COMING TO TOWN.-LOVERS.

Six months had elapsed, and I had left the dear old home with the acacias that waved before the door. I had taken a pathetic leave of the great Newfoundland-dog-I had bid a long farewell to the copse and its verdant walks-overshadowed with shady boughs-to the desolate park and the wild gravel-pit, and I had sighed when I remembered that spring was approaching, and that the flowers would blossom in all their glorious tints, but that I should be far away, unable to admire them, or to watch the multitude of bees and gaudy butterflies as they chased each other from sweet to sweet.

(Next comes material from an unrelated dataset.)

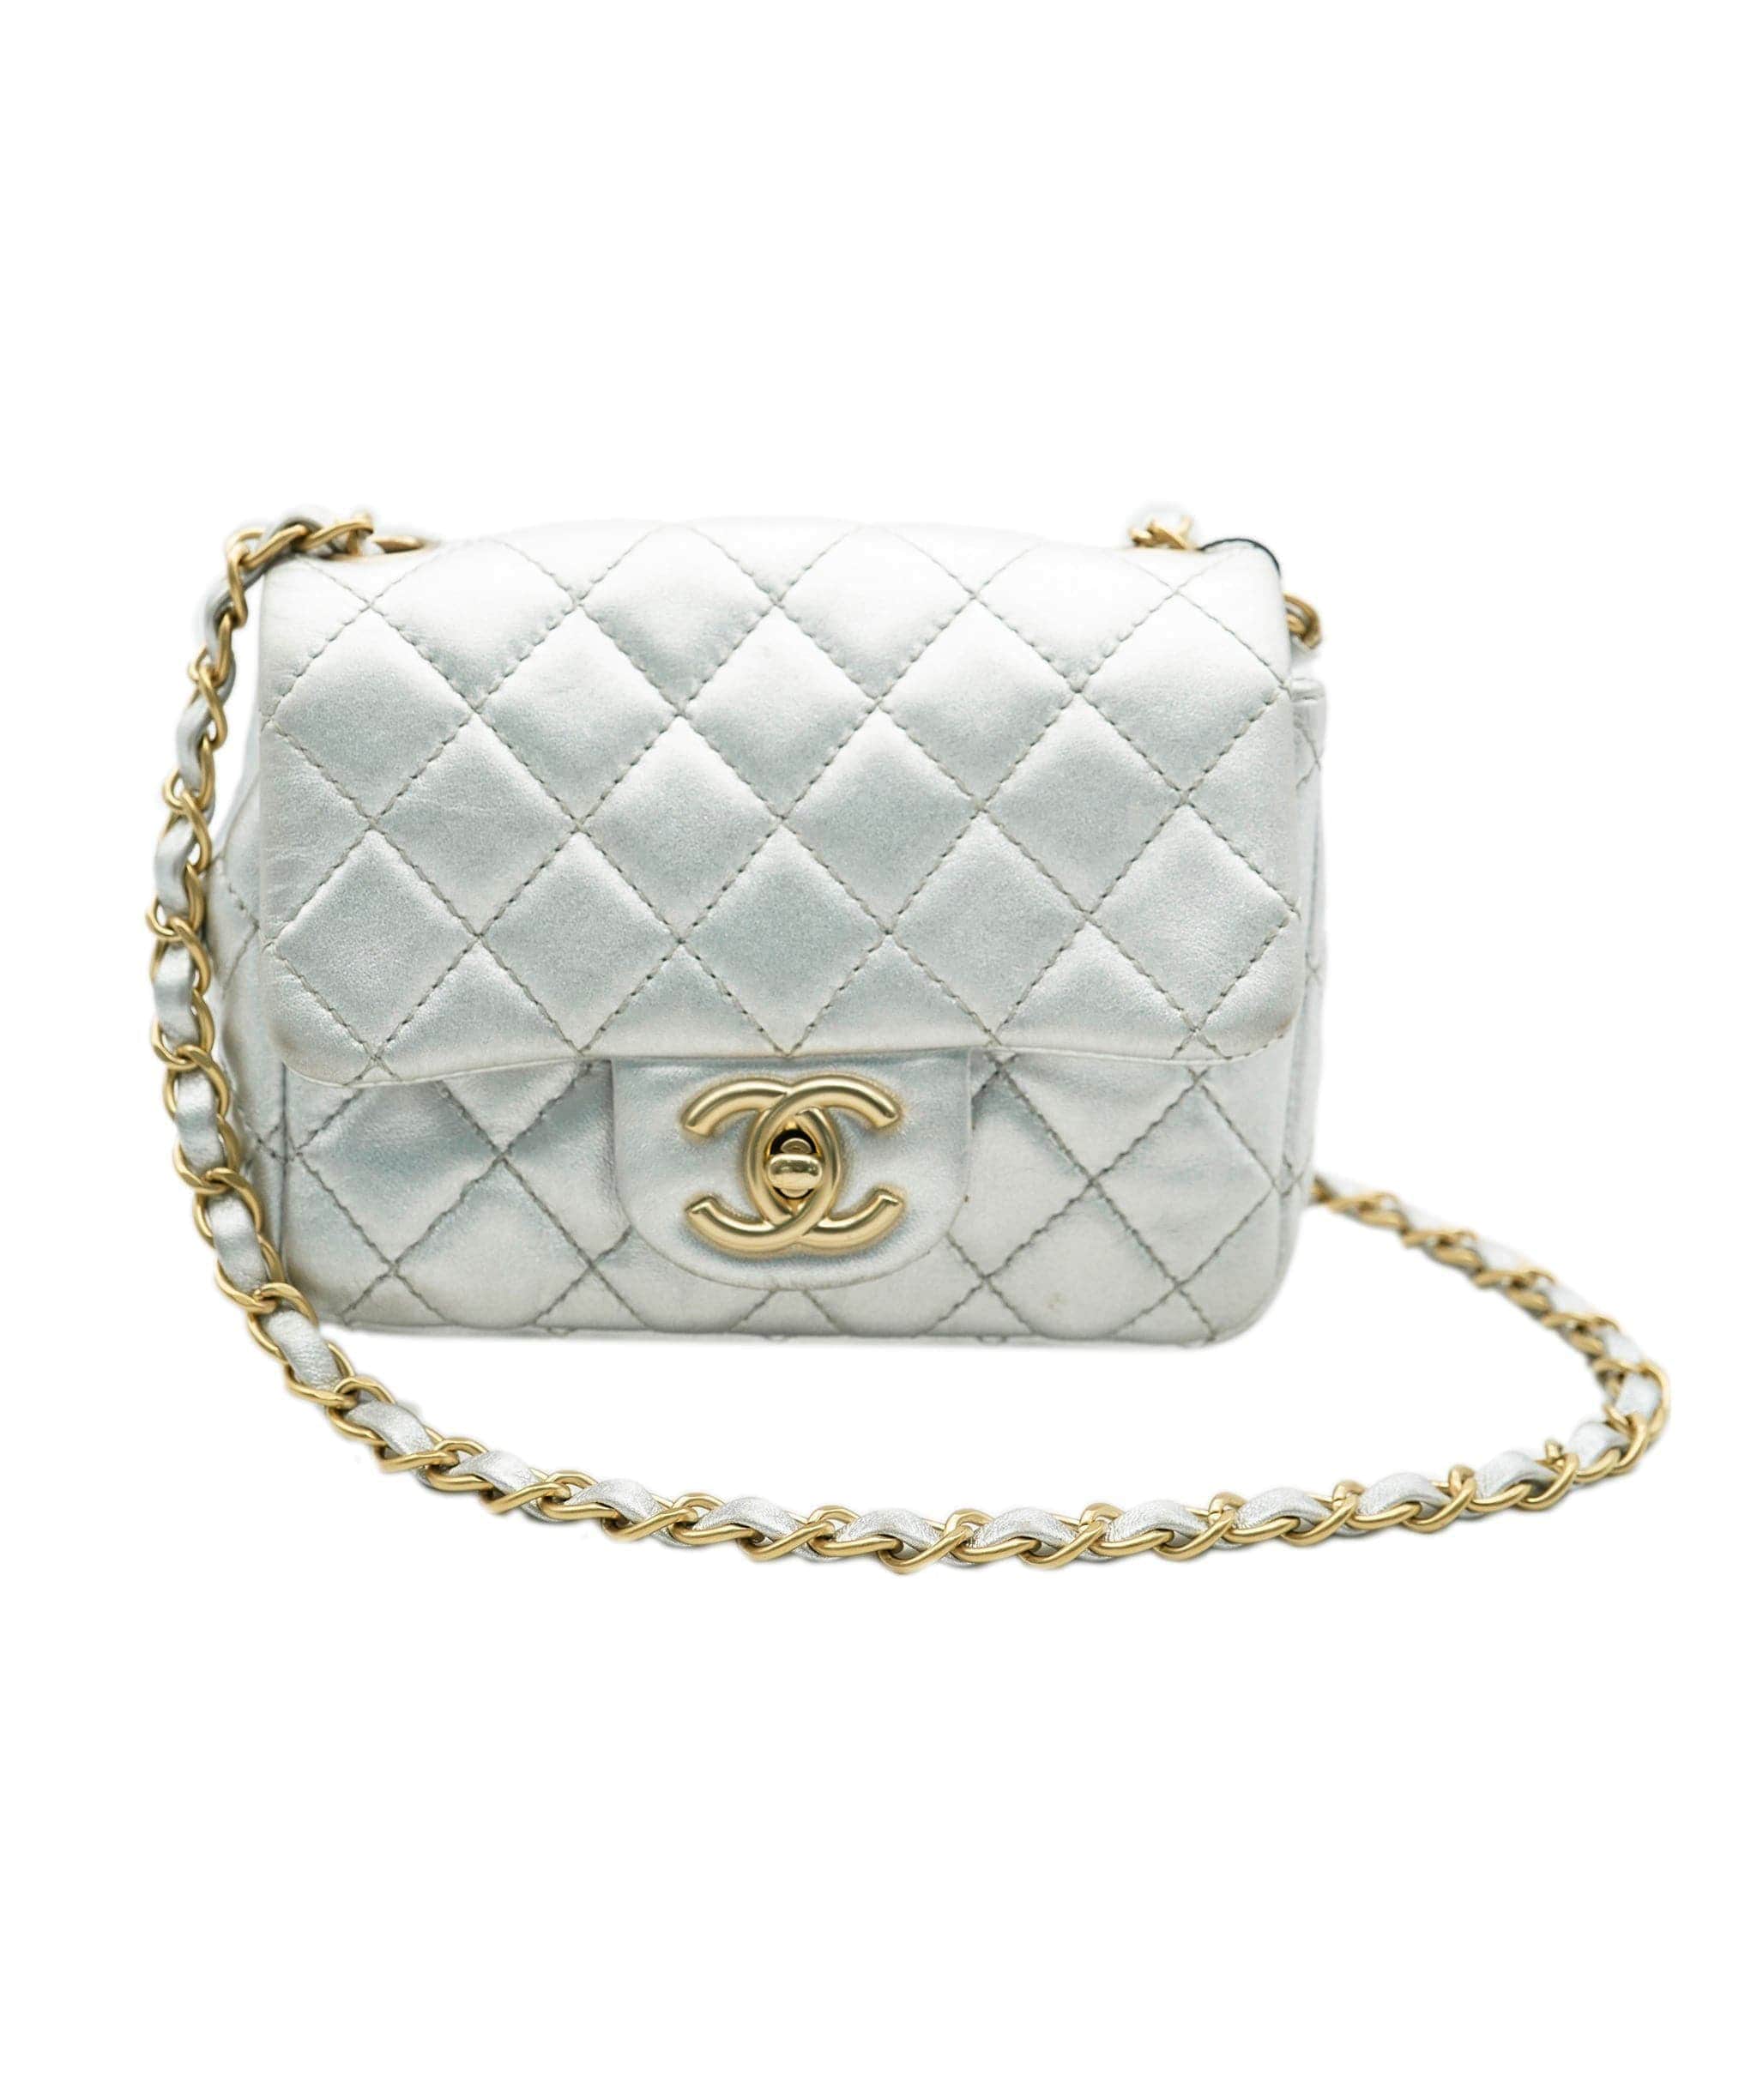 Chanel Mini Kelly Bag  Chanel handbags, Bags, Kelly bag

I was now, in London, and, truth to tell, had somewhat forgotten my quiet life at home. Books and flowers, and the charms of spring, were temporarily obliterated by the novelty and pleasures of a first season in town, and all the delightful excitement thereunto belonging. We were established in a small house in a fashionable neighbourhood; our means being limited, as I did not come into possession of my fortune until after one-and-twenty, and my mother's was not large.

Of course all my wardrobe had undergone a thorough revision, and being delivered over into the merciless hands of a fashionable dressmaker, my garments were reformed in the most complete manner. Commencing with those necessary but unmentionable "supports," that as often destroy as improve the female figure, I was placed in the midst of whalebones, and laced until I absolutely believed myself in a prison of iron; but my loud lamentations were only met with assurances of the great improvement to my figure, and exhortations to draw in my waist rather more-advice, I need not add, I cared not to comply with. Then I was consoled by the arrival of baskets-full of new dresses-white, spotless, elegant ball-dresses-light as a zephyr. Elegant dinner costumes of silk or fancy materials, and morning toilettes, quite à ravir. My vanity was tickled, and so I patiently bore the infliction of the internal stocks, until I suppose I grew to them, for I felt them no

more.

All this display of dress was duly admired and commented on by a good-hearted little country maiden that had accompanied me in the capacity of maid; but who, poor innocent soul, knew as little about adorning a young débutante as I did myself. She could only stand by and wonder, and clap her hands at the notion of " Missy" being so smart. But she was otherwise of infinite use to me, for, being the only person as ignorant as I was myself, I could freely wonder and converse with her of the strangeness of all we saw. Then, when tired of doing company in the drawing-room, or of driving in the carriage round that wearisome Hyde Park, what romps we used to have! Good heavens! if I lived to the age of Methuselah can I forget how, retiring to the uppermost story of the house, and shutting all the doors, we fought and struggled with each other like schoolboys, by way of proving which was the strongest, or, spreading the feather beds on the floor, we made believe it was a haycock, and rolled in them until, what with the previous fight and the heat, we were so exhausted and tired that neither of us could move, but lay there

Oh!

laughing at each other like a couple of happy fools as we were. what merry jovial days of fun! One half-hour of such genuine mirth out weighs centuries of stiff-stilted amusement, where Nature has long been forgotten in favour of her rival Art, and where, like the dolls in a theatre of Fantocini, people all move on certain established and approved springs (of action).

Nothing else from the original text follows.